SOURCE DATA:
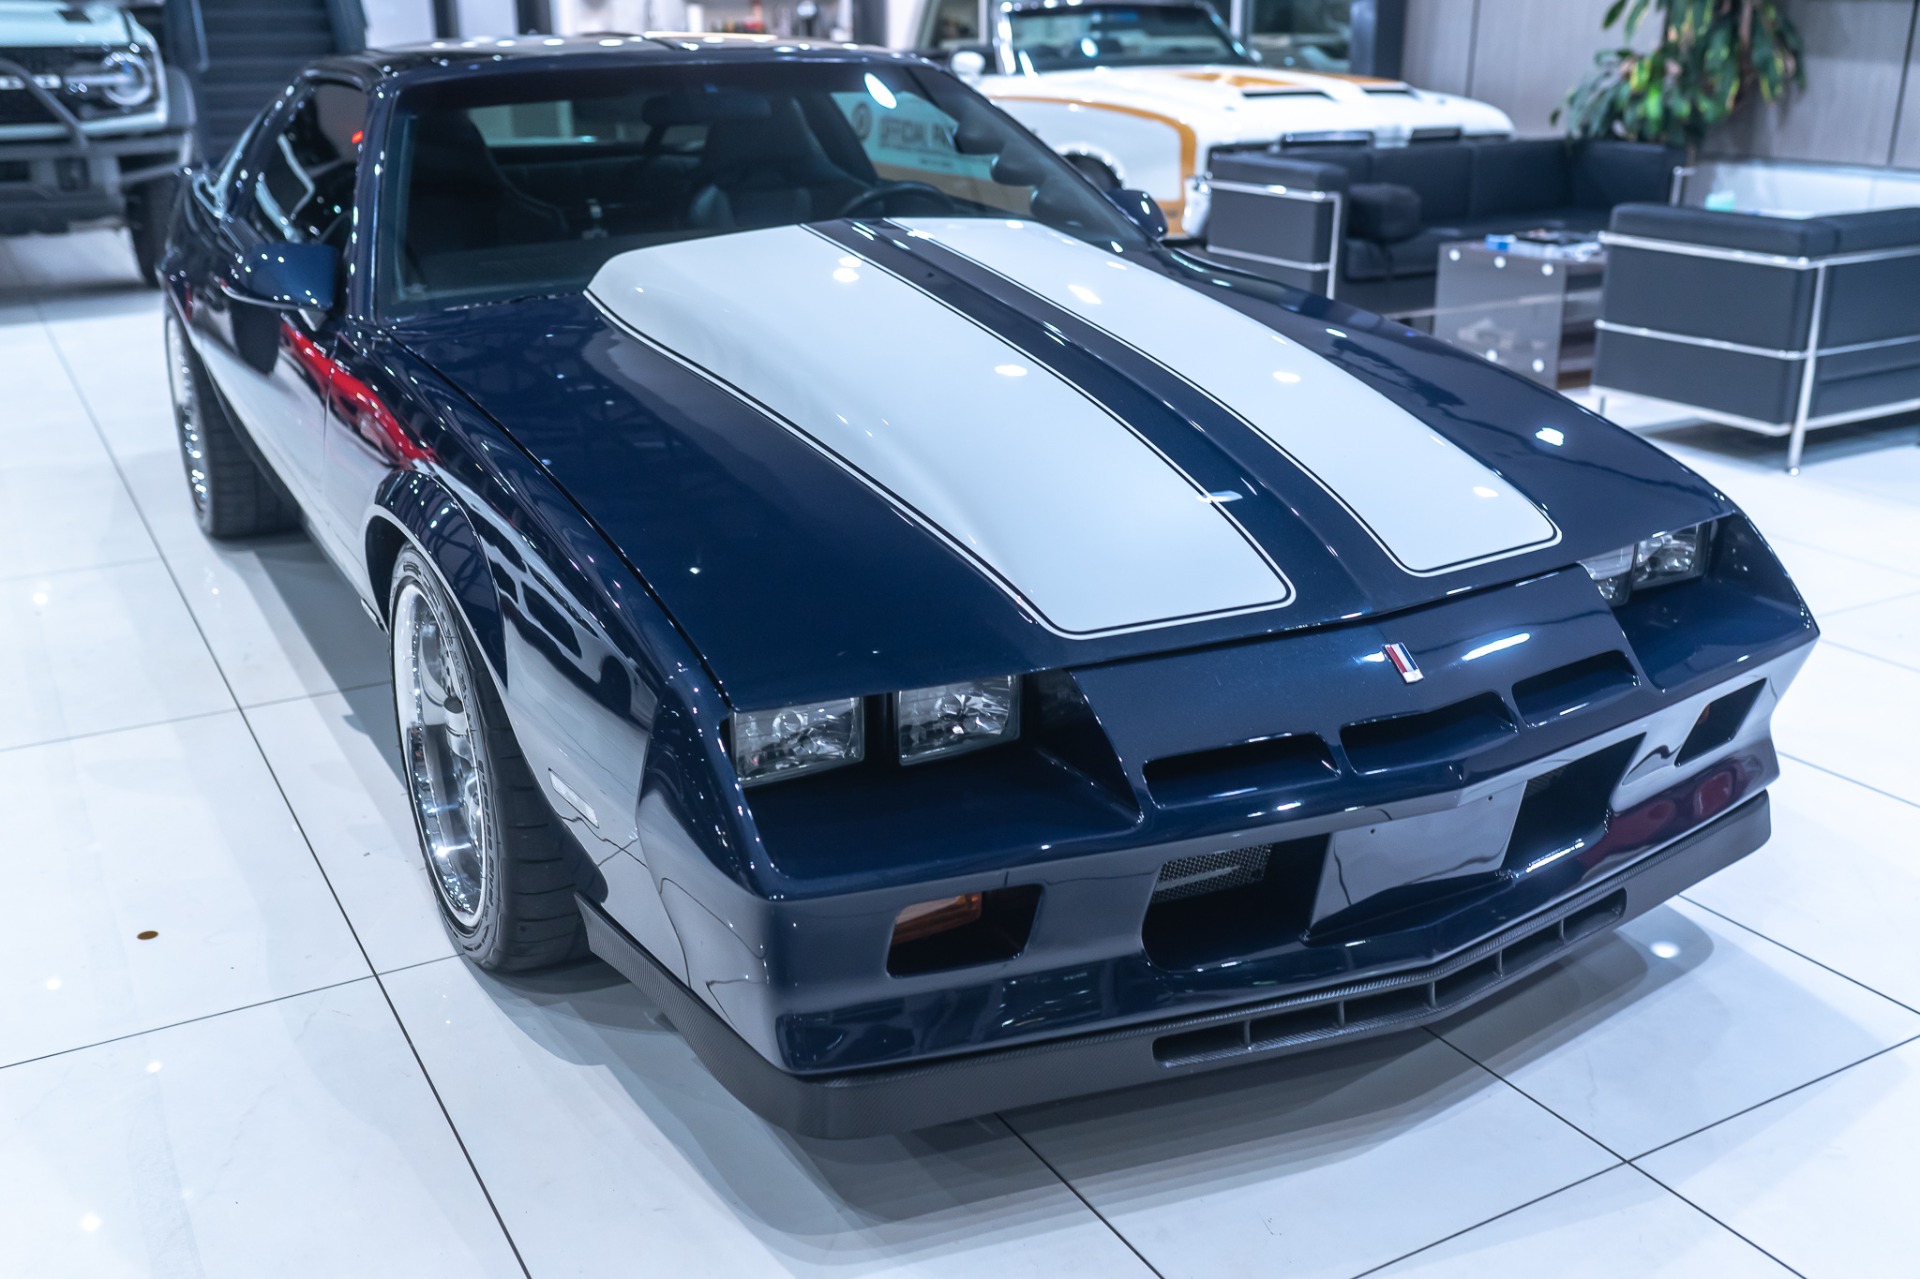 Used-1982-Chevrolet-Camaro-ONE-OWNER-CUSTOM-BUILT-LOW-MILES-629-WHP-614-FTLBS-WITH-FULL-DOCS
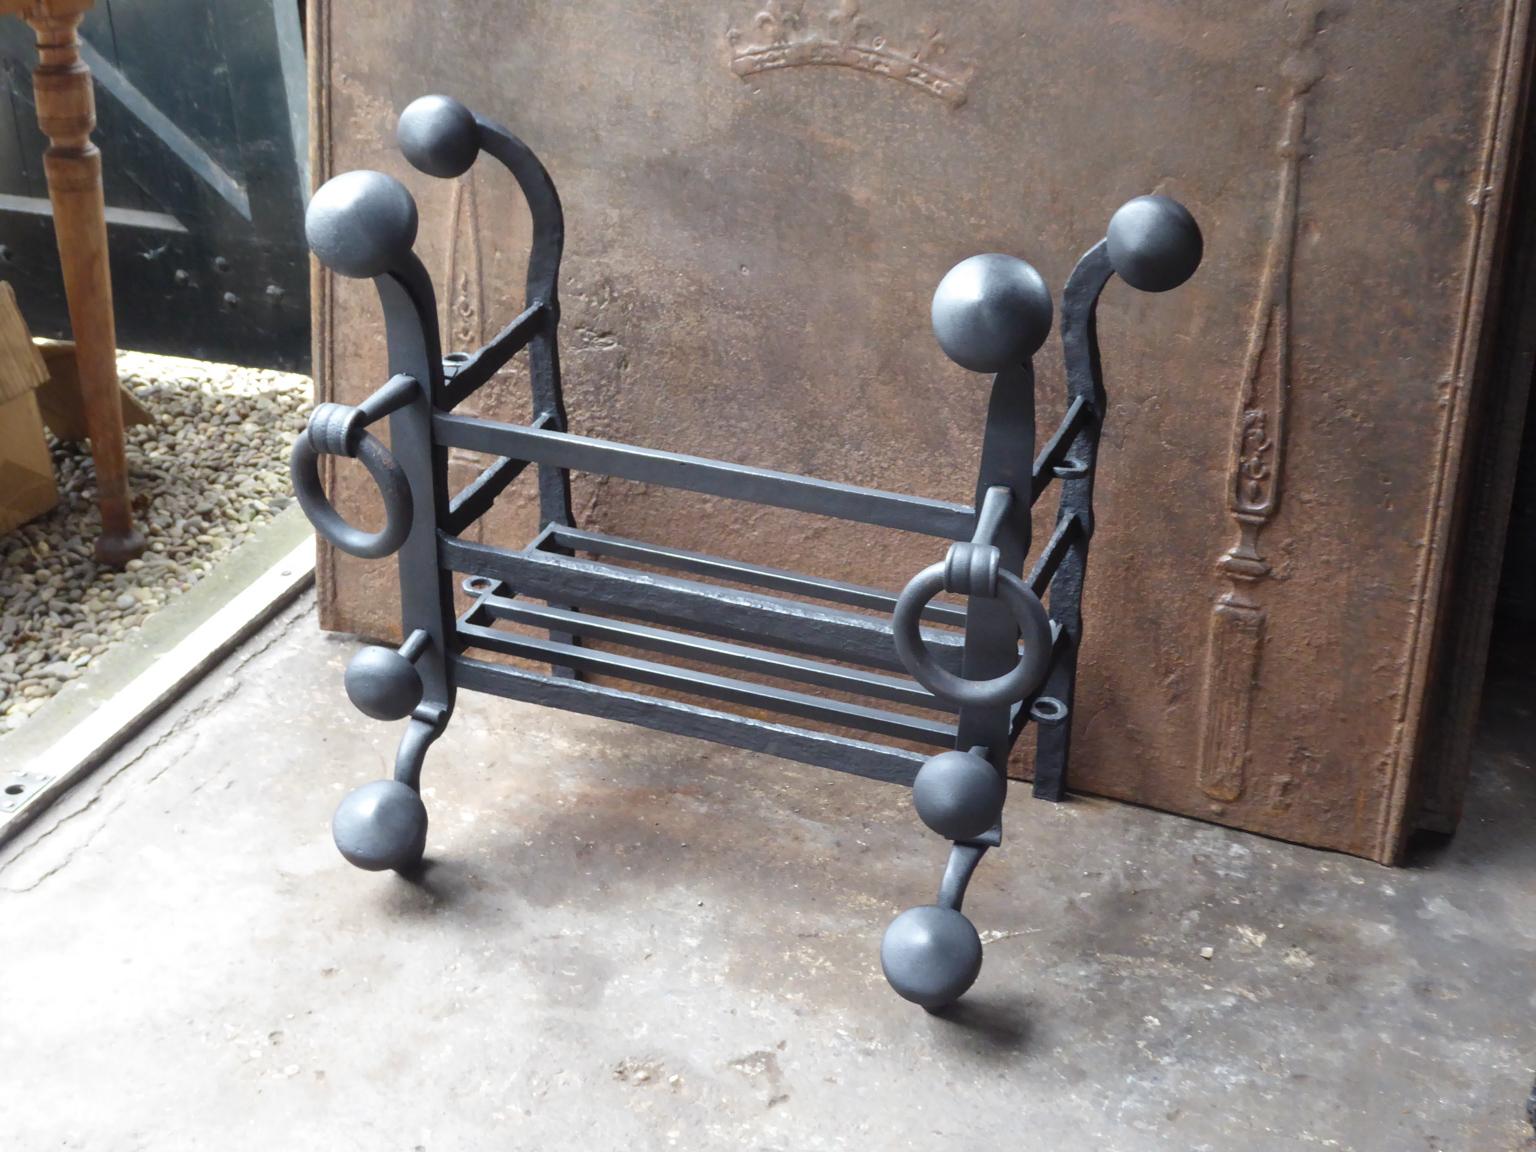 Forged Antique Dutch Fireplace Grate, 17th-18th Century For Sale
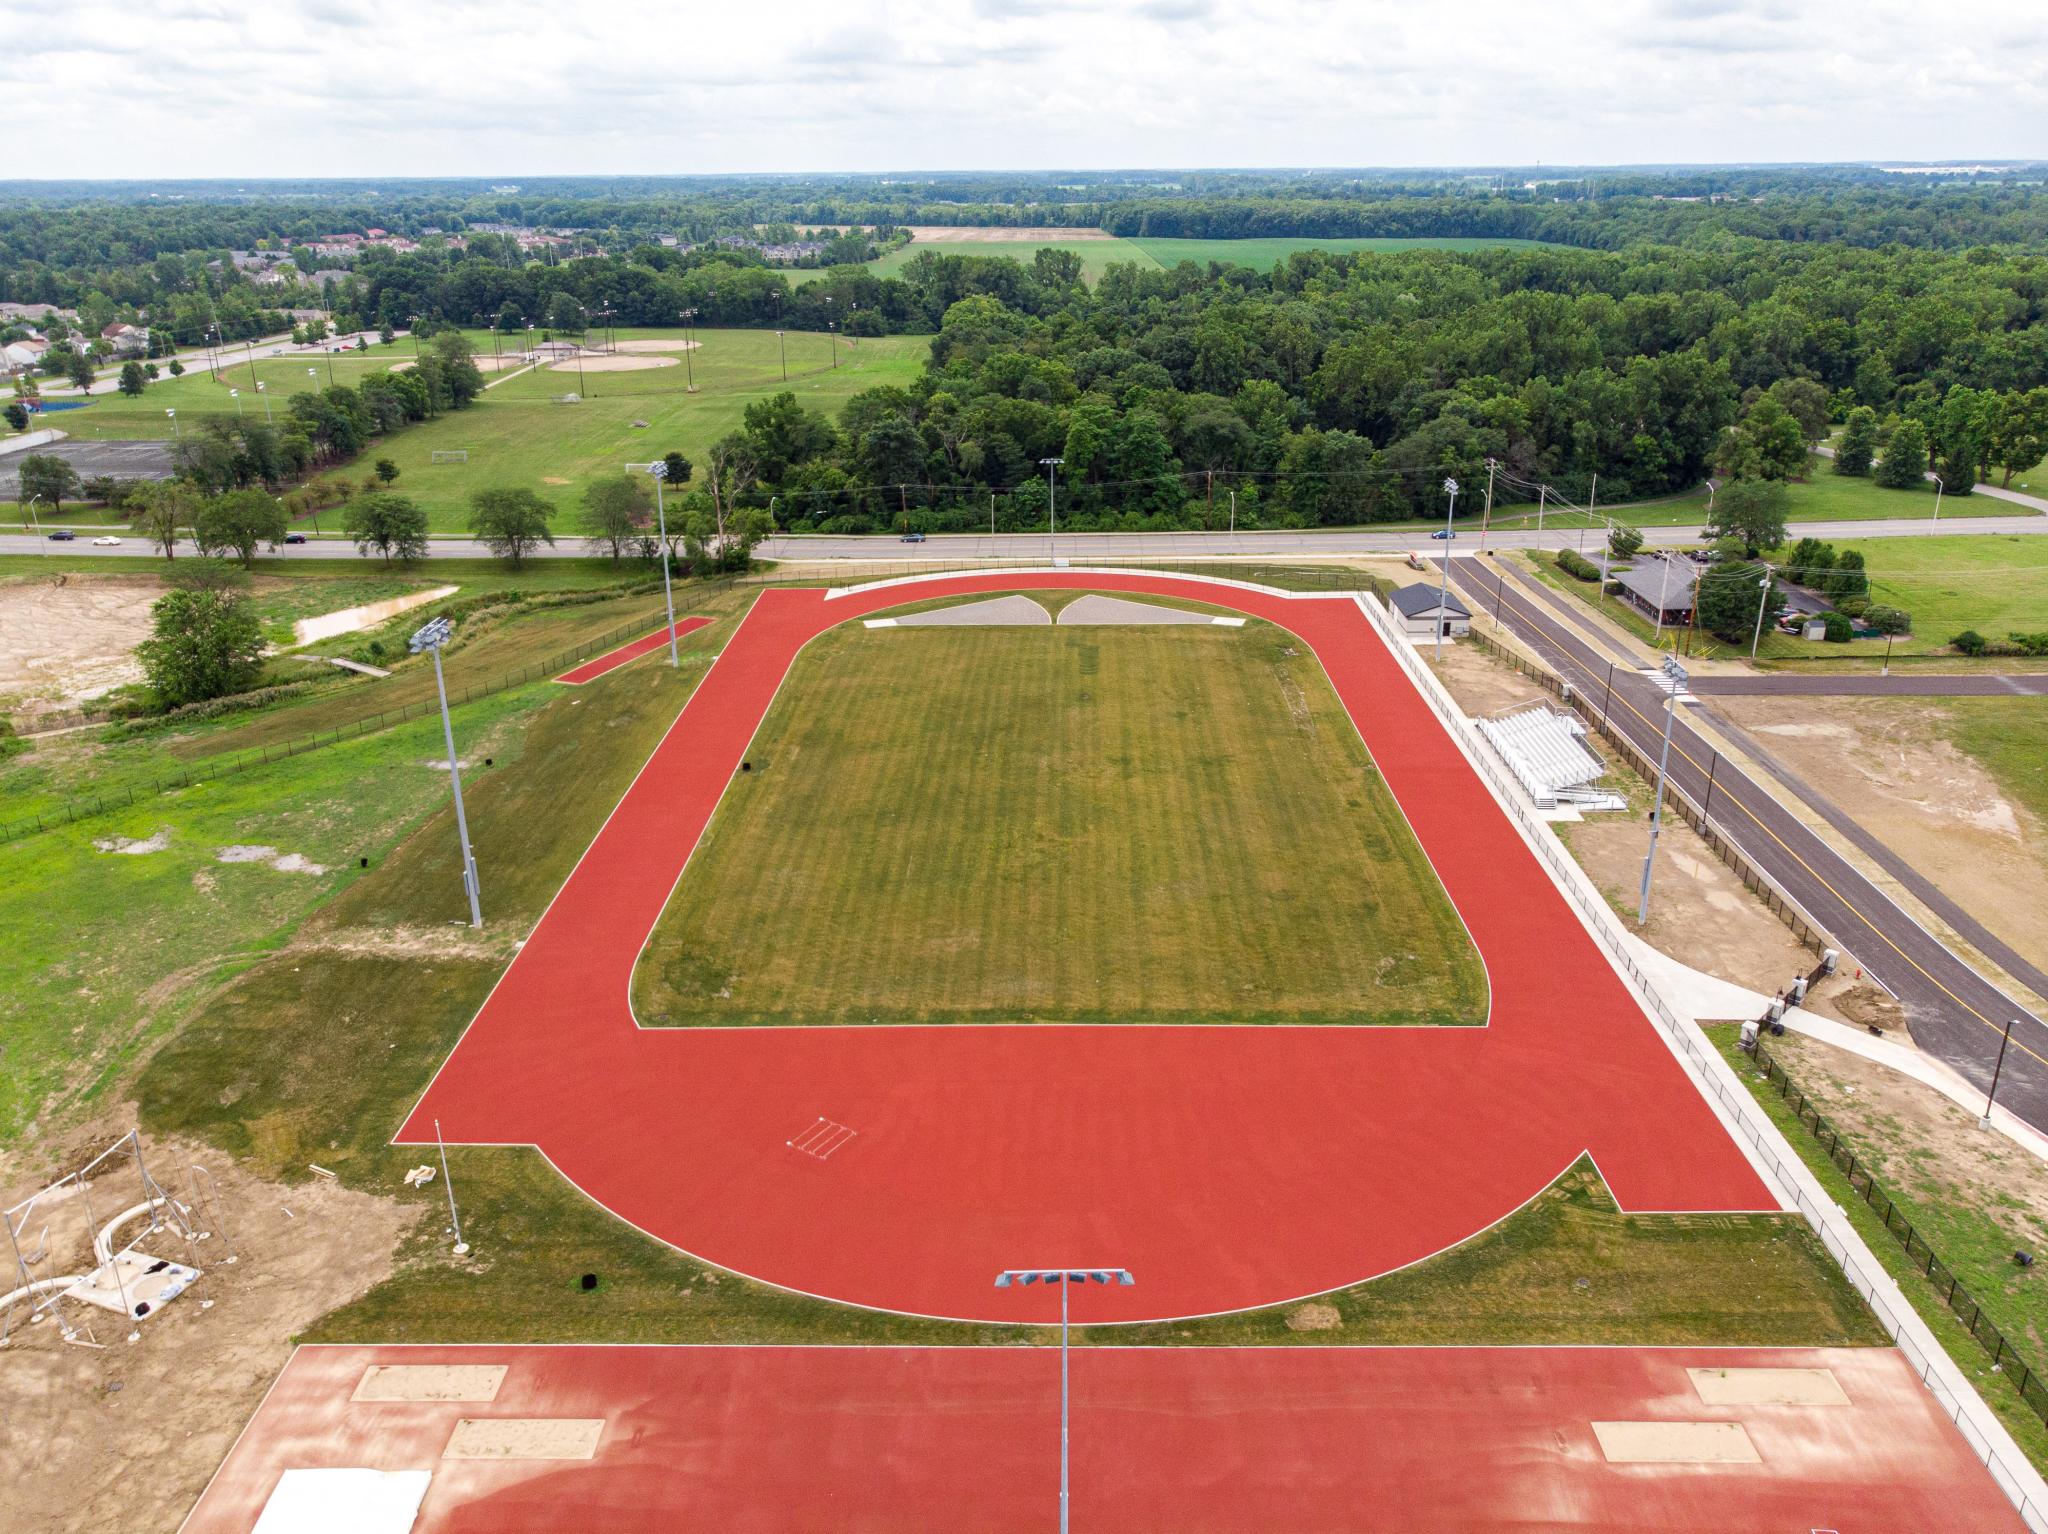 aerial image of a track & field event field

ASSIGNED TASK: Retyping is limited to the line with "Forged Antique Dutch" and the lines after it in the material above; give them exactly and leave out the pictures.

EXERCISE OUTPUT:
 Forged Antique Dutch Fireplace Grate, 17th-18th Century For Sale
 aerial image of a track & field event field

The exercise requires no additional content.